Please use this identifier to cite or link to this item: https://www.arca.fiocruz.br/handle/icict/16443
Title: Combination Chemotherapy with Suboptimal Doses of Benznidazole and Pentoxifylline Sustains Partial Reversion of Experimental Chagas' Heart Disease
Authors: Pereira, Glaucia Vilar
Pereira, Isabela Resende
Ruivo, Leonardo Alexandre de Souza
Moreira, Otacilio Cruz
Silva, Andrea Alice da
Britto, Constança
Lannes-Vieira, Joseli
Affilliation: Fundação Oswaldo Cruz. Instituto Oswaldo Cruz. Laboratório de Biologia das Interações. Rio de Janeiro, RJ, Brasil.

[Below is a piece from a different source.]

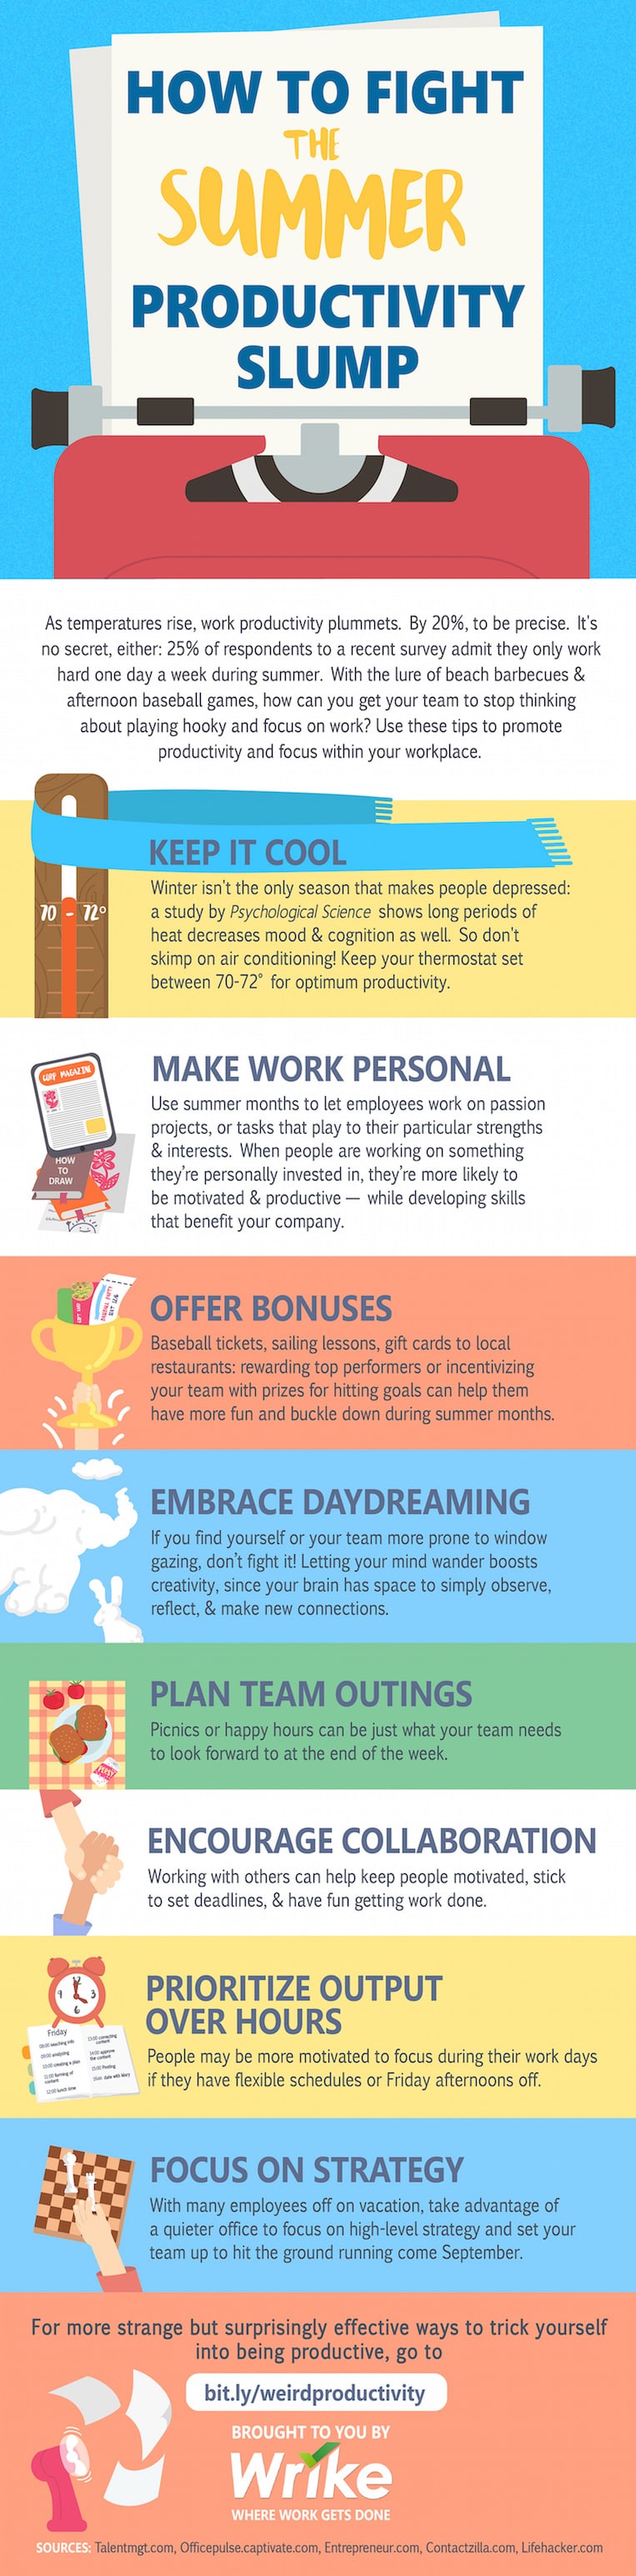 8 Tips to Fight the Summer Productivity Slump (#Infographic)

Fundação Oswaldo Cruz. Instituto Oswaldo Cruz. Laboratório de Biologia das Interações. Rio de Janeiro, RJ, Brasil.
Fundação Oswaldo Cruz. Instituto Oswaldo Cruz. Laboratório de Biologia das Interações. Rio de Janeiro, RJ, Brasil.
Fundação Oswaldo Cruz. Instituto Oswaldo Cruz. Laboratório de Biologia Molecular e Doenças Endêmicas. Rio de Janeiro, RJ, Brasil.
Universidade Federal Fluminense. Faculdade de Medicina. Departamento de Patologia. Niterói, RJ, Brasil.
Fundação Oswaldo Cruz. Instituto Oswaldo Cruz. Laboratório de Biologia Molecular e Doenças Endêmicas. Rio de Janeiro, RJ, Brasil.
Fundação Oswaldo Cruz. Instituto Oswaldo Cruz. Laboratório de Biologia das Interações. Rio de Janeiro, RJ, Brasil.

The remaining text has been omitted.